The Special Event Page helped ensure users would not have to actually call most our backend APIs at all between the homepage and starting a live stream.
Load-testing and real life
We carefully load-tested this solution, every step of the way while implementing it. Once fully implemented, we load-tested it again and again, to ensure it would handle as much traffic as we were expecting to get during high-stakes matches.
Doing those load-tests and analyzing their results with our contacts at Fastly helped us identify three points we quickly fixed:
- At first, our KVStores’ primary location was in the US. Fastly reconfigured our account to have them primarily located in the EU, gaining several dozen milliseconds of latency each time new users would do their first read.
- We compiled our Golang code to WASM with both Tinygo and Biggo. One produces WASM that used more CPU, and the other produces WASM that used more RAM. In the end, we followed Fastly’s recommendations, considering they know better than us what resource could be a bottleneck for their platform.
- The first time we ran tests in our production environment, results were not great. Far worse than in our staging environment, in fact. Well, we had not paid for the Compute option in our Fastly’s production account yet, and it was configured with lower rate-limits than in staging 😃
During these load-tests as well as during real events later, we monitored a few basic metrics: number of calls per second, CPU and RAM usage, latency and error-rate.
The high number of requests-per second we reached during our load-tests proved Fastly Compute is a viable approach for this workload, and for some others we are already thinking about migrating.
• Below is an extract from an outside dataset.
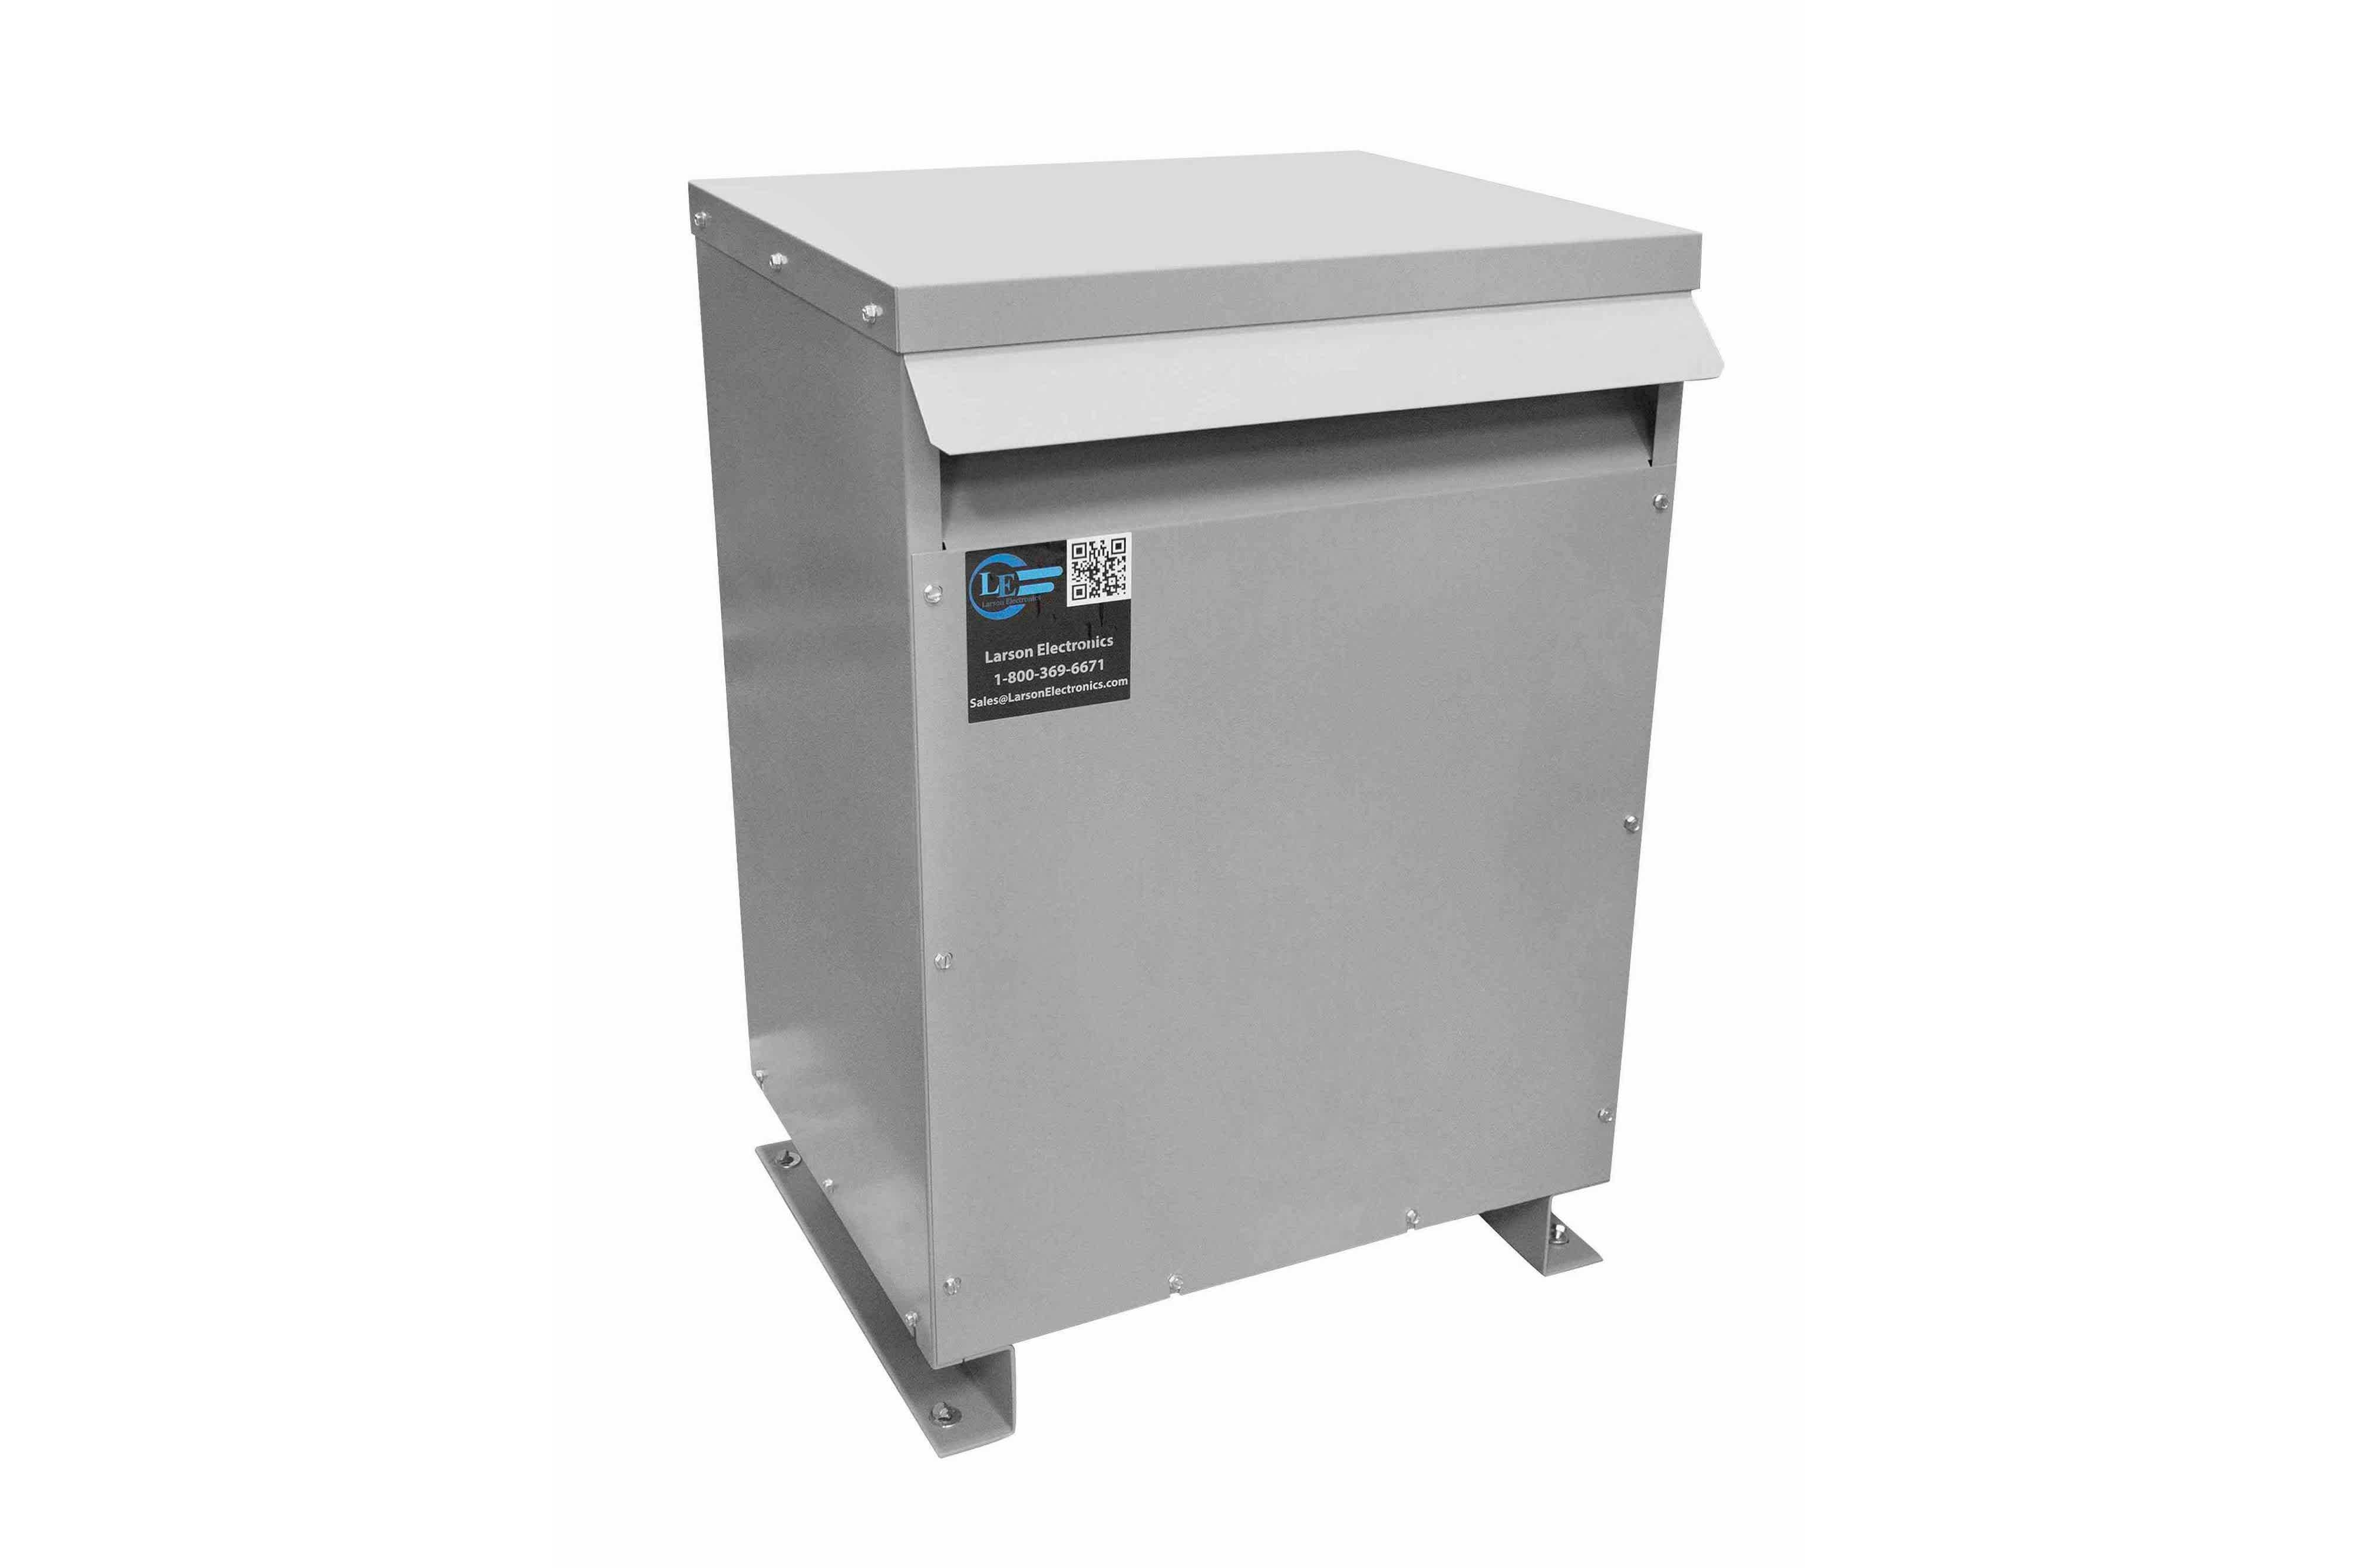 37.5 kVA 3PH Isolation Transformer, 575V Wye Primary, 380Y/220 Wye-N Secondary, N3R, Ventilated, 60 Hz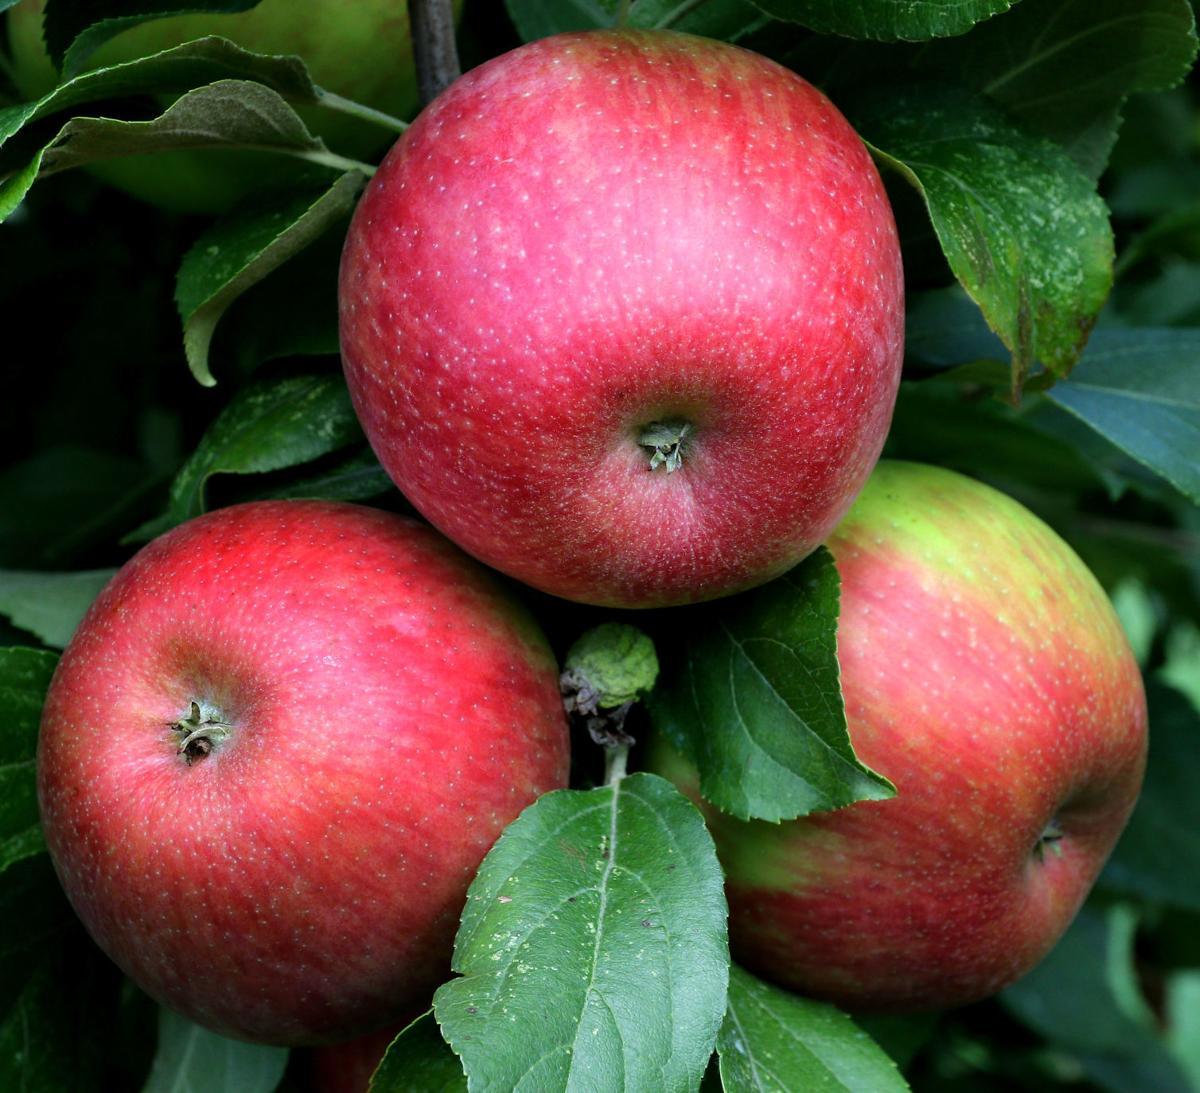 090419_dr_apple_11a

On our backend’s application side, we also checked the number of calls per second was going down while it was going up on Compute at-edge. In practice, it went down to 0 for the /live/
route, and remained stable or even went up for other routes, as there were more users browsing the catalog.
Conclusion
With this approach to generating personalized layouts at-edge for the /live/
route, users of our platform have been able to enjoy the competition without any hiccup!
- We personalized millions of live layout on the CDN at-edge, using Fastly Compute, enabling both users and customers to experience pretty much all features of the platform.
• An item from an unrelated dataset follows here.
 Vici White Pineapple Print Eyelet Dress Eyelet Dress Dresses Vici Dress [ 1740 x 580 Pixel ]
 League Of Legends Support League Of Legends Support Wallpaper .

- Our backend BFF and other APIs have not been overloaded. They have been fully operational to serve requests for users browsing the catalog or starting videos on demand.
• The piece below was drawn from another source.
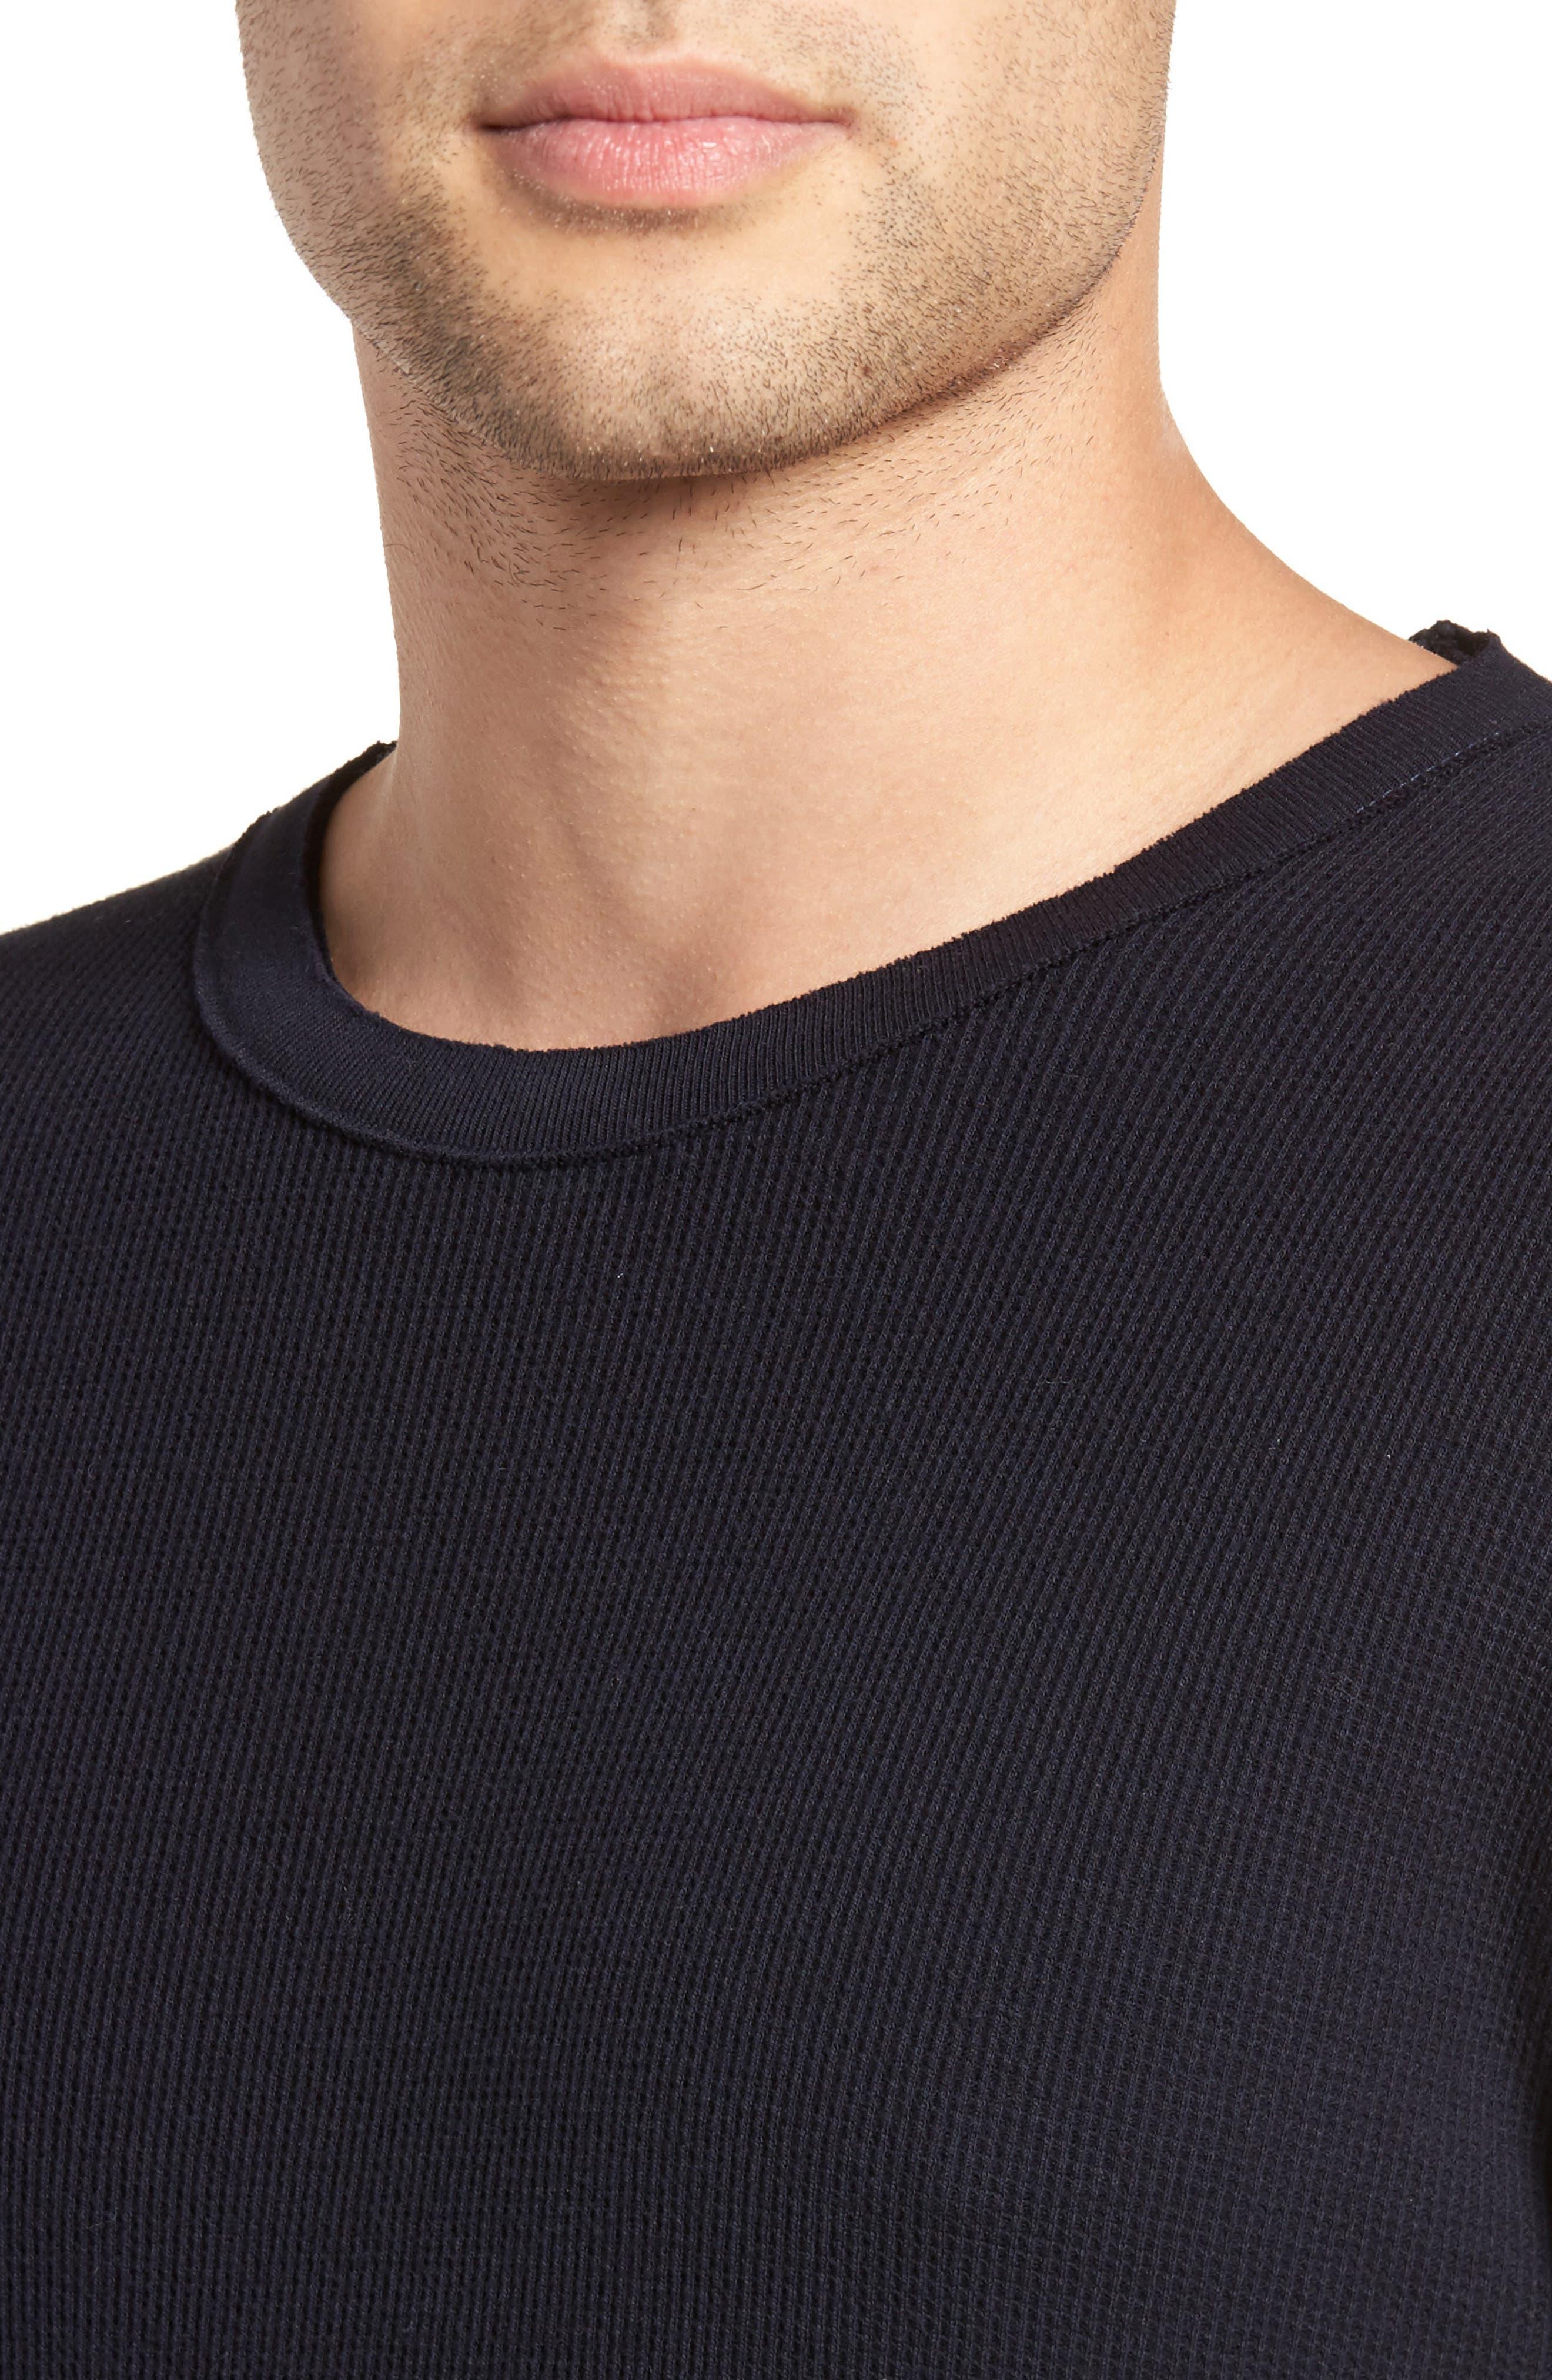 Thermal Knit Long Sleeve T-Shirt,                             Alternate thumbnail 12, color,

And this proved edge computing is a viable option to implement some features of our platform. More than this, though, it proved we can separate our BFF software into several smaller parts, which is one of the major ideas we will implement next year while re-architecturing it.
What are the next steps, then?
- First, use Compute at-edge to serve a couple other highly-solicited routes.
- And, for the
/live/
route, implement a few use-cases that were not required for this competition, in order to use Fastly Compute for this route all the time!